PS: How can the people around technology in organizations trying to compete out there best go about building an information architecture to aid in company decision making? What if different people have different perceptions about performance?

WM: The key is to get the right workload - a combination of the data and its processing - into the right platform based on its unique characteristics. Today, there are many options including many that have not been considered by organizations, at their peril. These include master data management, Hadoop, NoSQL systems, data stream processing and graph databases. And for all of it, there is the cloud computing option. I describe the options in the book. Various infrastructure like master data management, data virtualization and agile practices are helpful at enabling new technologies and I describe these as well. Perception matters in determining the suitable performance of a platform, but know that expectations go nowhere but up over time. Again, that platform choice is crucial. Most organizations need more possibilities at their disposal.

It is difficult to replace something working. As long as SAP is running - albeit slower than some would like - or the fraud detection system is working - though it is too slow to stop much of the fraud - performance can always be promised as being "around the corner." One more round of parameter tuning, one more patch, one more code tweak and it will perform. However, most of the time, the improvements are minor at best. At the same time, the data is growing, the plans for the usage of the system are growing and the reliance is larger than ever. I encourage my readers to architect their information systems for scalability.

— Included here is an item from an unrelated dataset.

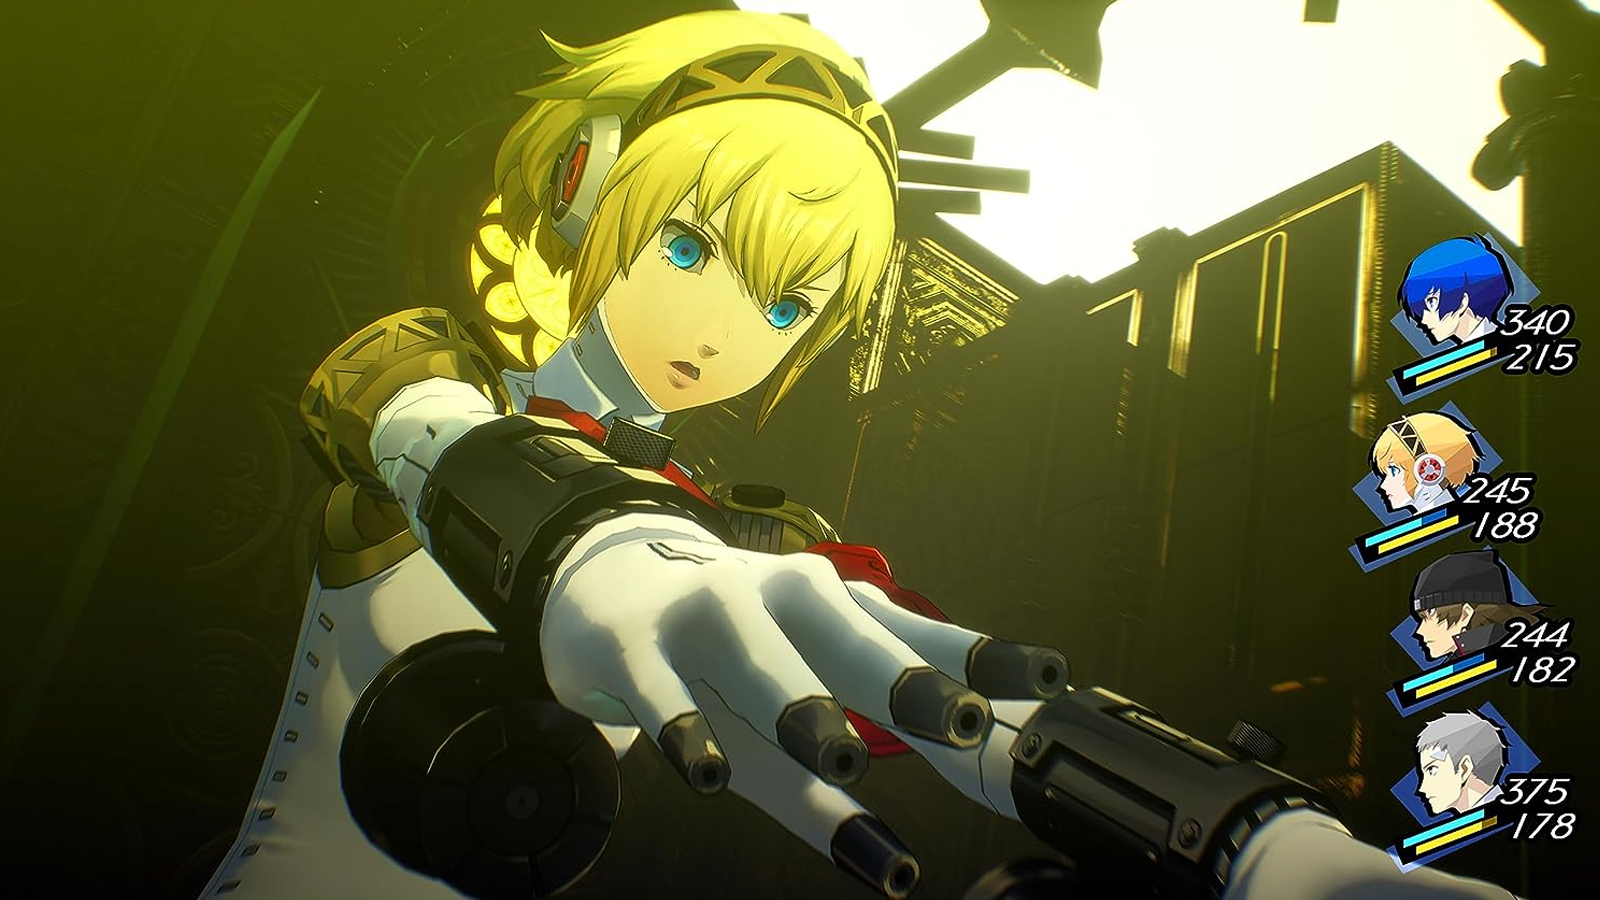 Persona 3 Reload: Where to Pre-order the Collector's Edition of the  Anticipated JRPG?

PS: It has been touted for decades that a sound data strategy is to dump all company data into a data warehouse, yet you take issue with that approach.

WM:A "catch all" data warehouse is still a must. It will serve the bulk of the company reporting needs and it's still a great place to calculate analytics and broker data out to other databases for more specific needs. Many data warehouses were built years ago and as this "one size fits all" approach begins to not work for certain uses, either the data warehouse starts to only pass-through data or these other uses don't use the data warehouse at all. There are so many innovations in databases like columnar databases, in-memory high-performance databases, etc. that would improve data warehouse performance quite a bit, but when you have so many users, so many people using it, changing the platform and potentially slowing some things down, becomes untenable. In the book, I encourage the right platform for the job and means like data virtualization and master data management to hold it all together well.

PS: When explaining how to approach these projects, you mention that an organization must be agile. How does an organization become agile? Does that set the stage for information success?

WM: It's easy to say you're agile, but there is also a body of work out there that details specifics that organizations can adopt in becoming agile. A lot of that is overkill for information management projects, but much of it is not. I distill the essence of agility in the book and provide the hard-learned specifics from my consulting practice of what to adopt to enable the ability to get these projects to their checkpoints as quick as possible, while staying aligned with the business. In terms of the organization, it helps those delivering information management projects to be surrounded by similarly agile internal organizations. That does set the stage for information success. So does organization change management, which is led by the information management team and ensures the stakeholders come on board with the projects appropriately. Taking care of people is the "other half" - the non-technology half - of these projects that is required for success.

PS: You cover Big Data in the book in a very pragmatic, hype-free way. How do you define Big Data and is it as important as we are hearing?

WM: Big Data is a rather abused term these days, but I define it as data that doesn't make sense to have in systems built 10 plus years ago and based on principles built 30 years ago, specifically relational databases. Big Data is constantly being emitted - by sensor devices and by the Internet. As such, it accumulates much more rapidly than the data most organizations are used to. I believe strongly in an organizational fit for relational databases, just not for everything anymore. Many data stores will thrive because all data is so important to business. Hadoop, NoSQL databases and graph databases all have a different pattern to them than relational databases. Big Data is not going to be as important per capita, but it still delivers return on investment and may just be what defines the leaders of industry in the near future.